Step 5: Configure an application for the Autoscale group

  1. In Citrix Application Delivery and Management, navigate to Infrastructure > Public Cloud > Autoscale groups.

  2. Select the Autoscale group that you created and click Configure.

  3. In Configure Application, specify the following details:

    • Application Name - Specify the name of an application.

    • Access Type - You can use the Citrix Application Delivery and Management autoscaling solution to both external and internal applications. Select the required application access type.

    • FQDN Type - Select a mode of assigning domain and zone names.

      If you want to specify manually, select User-Defined. To automatically assign domain and zone names, select Auto-generated.

    • Domain Name - Specify the domain name of an application. This option is applicable only when you select User-defined FQDN type.

    • Zone of the Domain - Select the zone name of an application from the list. This option is applicable only when you select User-defined FQDN type.

      This domain and zone name redirects to the virtual servers in AWS. For example, if you host an application in app.example.com, the app is the domain name and example.com is the zone name.

    • Protocol - Select the protocol type from the list. The configured application receives the traffic depending on the selected protocol type.

    • Port - Specify the port value. The specified port is used to establish a communication between the application and the Autoscale group.

    • Auto Redirect HTTP traffic to HTTPS - Select this option to receive secured traffic to the application. Specify the HTTP port that you want to redirect.

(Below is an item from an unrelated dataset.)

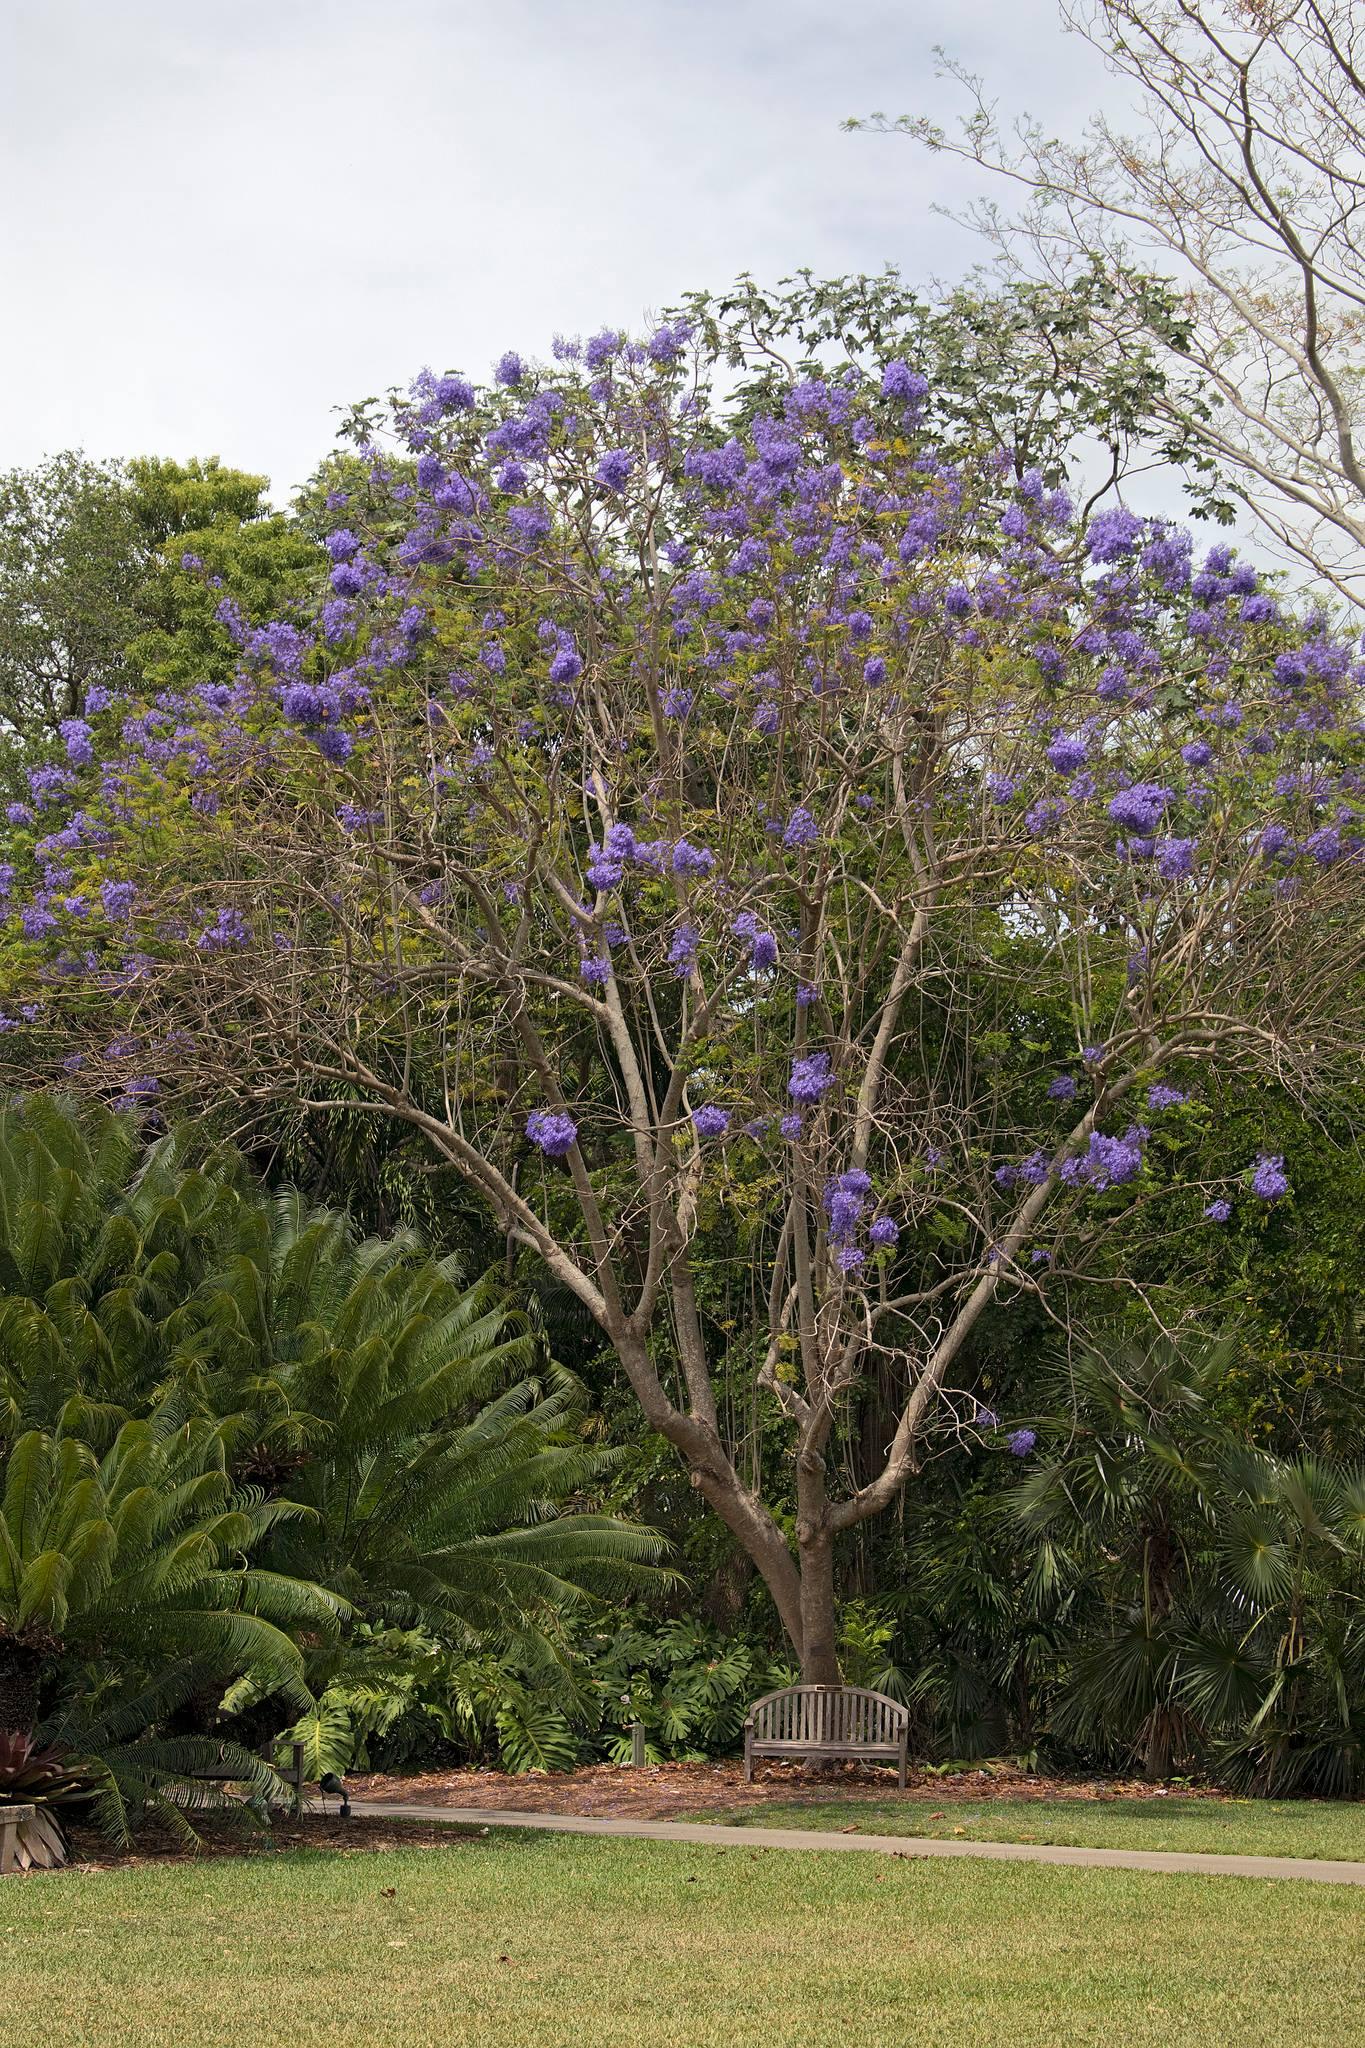 Fairchild Tropical Botanic Garden Information

    • ADC Configuration mode - Select the mode how you want to configure the application. You can either select StyleBooks or ADC CLI commands.

    Configure ASG applications

    If you want to configure an application using StyleBooks, select Yes in the confirmation window.

    Configure an application using StyleBooks

Note

Change the access type of an application if you want to modify the following details in the future:

  • FQDN Type
  • Domain Name
  • Zone of the domain

For more information to use StyleBooks or CLI commands, see Create an application configuration for the Autoscale group.

Upgrade Citrix ADC clusters

Manually upgrade the cluster nodes. You first upgrade the image of existing nodes and then update AMI from the Citrix Application Delivery and Management.

Important

Ensure the following during an upgrade:

  • No scale-in or scale-out is triggered.
  • No configuration changes must be performed on the cluster in the Autoscale group.
  • You keep a backup of the ns.conf file of the previous version. In case an upgrade fails, you can fall back to the previous version.

Perform the following steps to upgrade the Citrix ADC cluster nodes.

  1. Disable the Autoscale group on the MAS ASG portal.
  2. Select one of the clusters within the Autoscale groups for upgrade.
  3. Follow the steps documented in the topic Upgrading or downgrading the Citrix ADC cluster.

    Note

    • Upgrade one node in the cluster.
    • Monitor the application traffic for any failures.
    • If you encounter any issues or failures, downgrade the node that was previously upgraded. Else, continue with the upgrade of all nodes.
  4. Continue upgrading the nodes in all the clusters in the Autoscale group.

    Note

    If the upgrade for any cluster fails, downgrade all the clusters in the Autoscale group to the previous version. Follow the steps documented in the topic Upgrading or downgrading the Citrix ADC cluster.

  5. After successful upgrade of all clusters, update AMI on MAS ASG Portal. AMI must be of the same version as the image used for the upgrade.
  6. Edit the Autoscale group and type the AMI that corresponds to the upgraded version.
  7. Enable the Autoscale group on the Citrix Application Delivery and Management portal.